How does a kernel mount the root partition?
In ancient times, the kernel was hard coded to know the device major/minor number of the root fs and mounted that device after initializing all device drivers, which were built into the kernel. The rdev
utility could be used to modify the root device number in the kernel image without having to recompile it.
Eventually boot loaders came along and could pass a command line to the kernel. If the root=
argument was passed, that told the kernel where the root fs was instead of the built in value. The drivers needed to access that still had to be built into the kernel. While the argument looks like a normal device node in the /dev
directory, there obviously is no /dev
directory before the root fs is mounted, so the kernel can not look up a dev node there. Instead, certain well known device names are hard coded into the kernel so the string can be translated to the device number. Because of this, the kernel can recognize things like /dev/sda1
, but not more exotic things like /dev/mapper/vg0-root
or a volume UUID.
Later, the initrd
came into the picture. Along with the kernel, the boot loader would load the initrd
image, which was some kind of compressed filesystem image (gzipped ext2 image, gzipped romfs image, squashfs finally became dominant). The kernel would decompress this image into a ramdisk and mount the ramdisk as the root fs. This image contained some additional drivers and boot scripts instead of a real init
. These boot scripts performed various tasks to recognize hardware, activate things like raid arrays and LVM, detect UUIDs, and parse the kernel command line to find the real root, which could now be specified by UUID, volume label and other advanced things. It then mounted the real root fs in /initrd
, then executed the pivot_root
system call to have the kernel swap /
and /initrd
, then exec /sbin/init
on the real root, which would then unmount /initrd
and free the ramdisk.
Finally, today we have the initramfs
. This is similar to the initrd
, but instead of being a compressed filesystem image that is loaded into a ramdisk, it is a compressed cpio archive. A tmpfs is mounted as the root, and the archive is extracted there. Instead of using pivot_root
, which was regarded as a dirty hack, the initramfs
boot scripts mount the real root in /root
, delete all files in the tmpfs root, then chroot
into /root
, and exec /sbin/init
.
Linux initially boots with a ramdisk (called an initrd
, for "INITial RamDisk") as /
. This disk has just enough on it to be able to find the real root partition (including any driver and filesystem modules required). It mounts the root partition onto a temporary mount point on the initrd
, then invokes pivot_root(8)
to swap the root and temporary mount points, leaving the initrd
in a position to be umount
ed and the actual root filesystem on /
.
Sounds like you're asking how does the kernel "know" which partition is the root partition, without access to configuration files on /etc.

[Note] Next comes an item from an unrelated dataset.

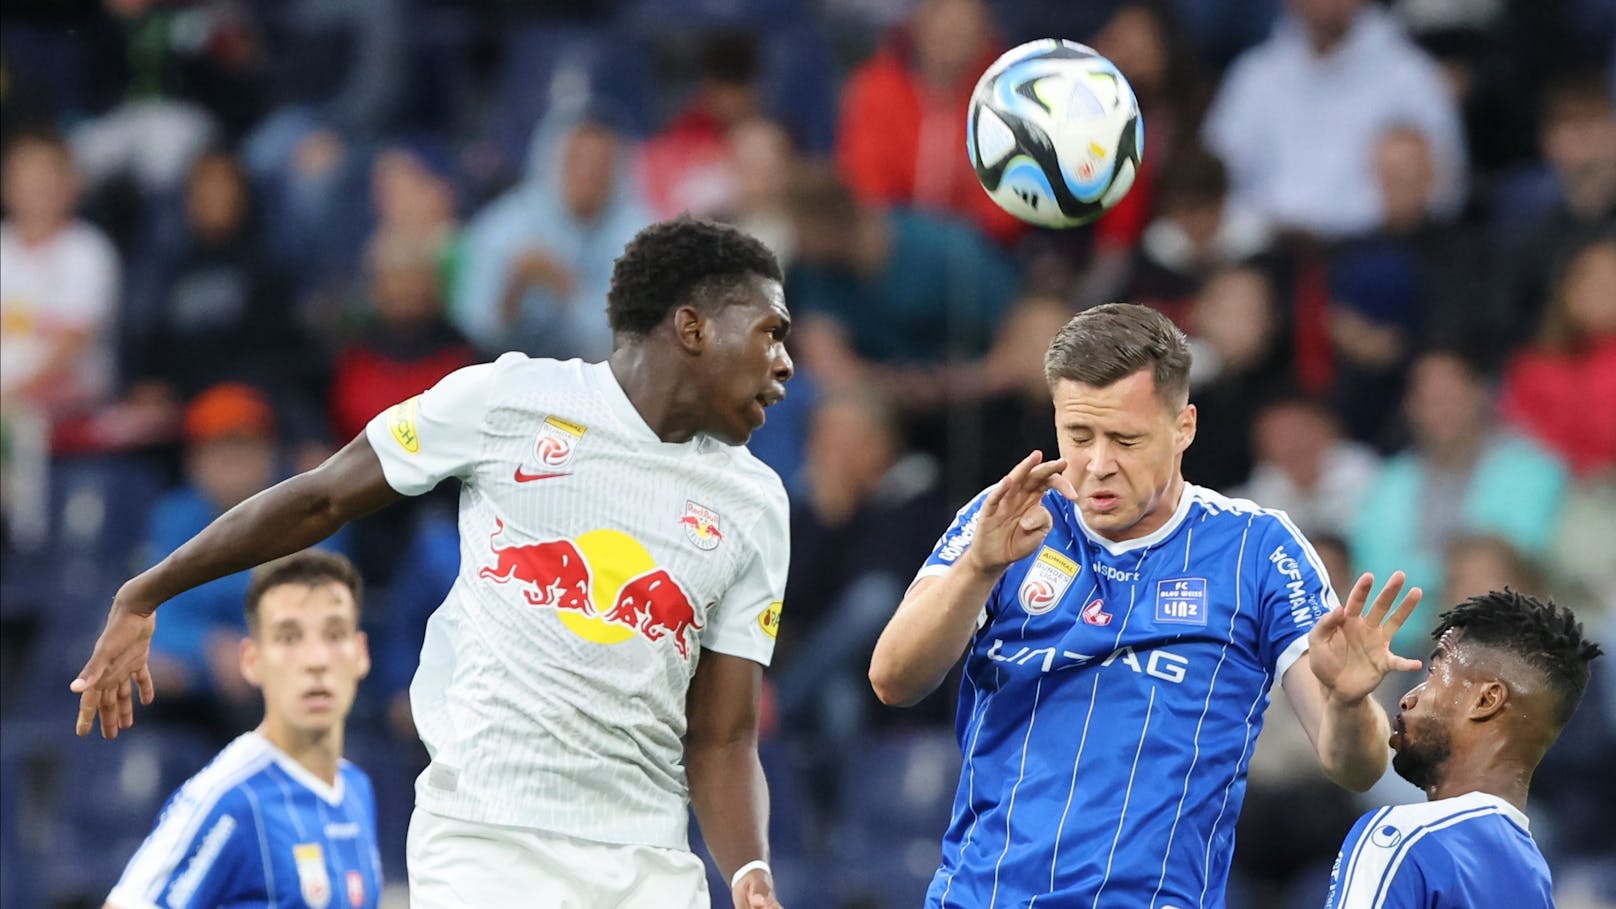 In Runde acht gewann Blau-Weiß Linz sensationell auswärts mit 1:0 gegen Salzburg. Für die "Bullen" war es die erste Heimpleite nach 45 Partien.

The kernel can accept command line arguments like any other program. GRUB, or most other bootloaders can accept command line arguments as user input, or store them and make various combinations of command line arguments available via a menu. The bootloader passes the command line arguments to the kernel when it loads it (I don't know the name or mechanics of this convention but it's probably similar to how an application receives command line arguments from a calling process in a running kernel).
One of those command line options is root
, where you can specify the root filesystem, i.e. root=/dev/sda1
.
If the kernel uses an initrd, the bootloader is responsible for telling the kernel where it is, or putting the initrd in a standard memory location (I think) - that's at least the way it works on my Guruplug.
It's entirely possible to not specify one and then have your kernel panic immediately after starting complaining that it can't find a root filesystem.
There might be other ways of passing this option to the kernel.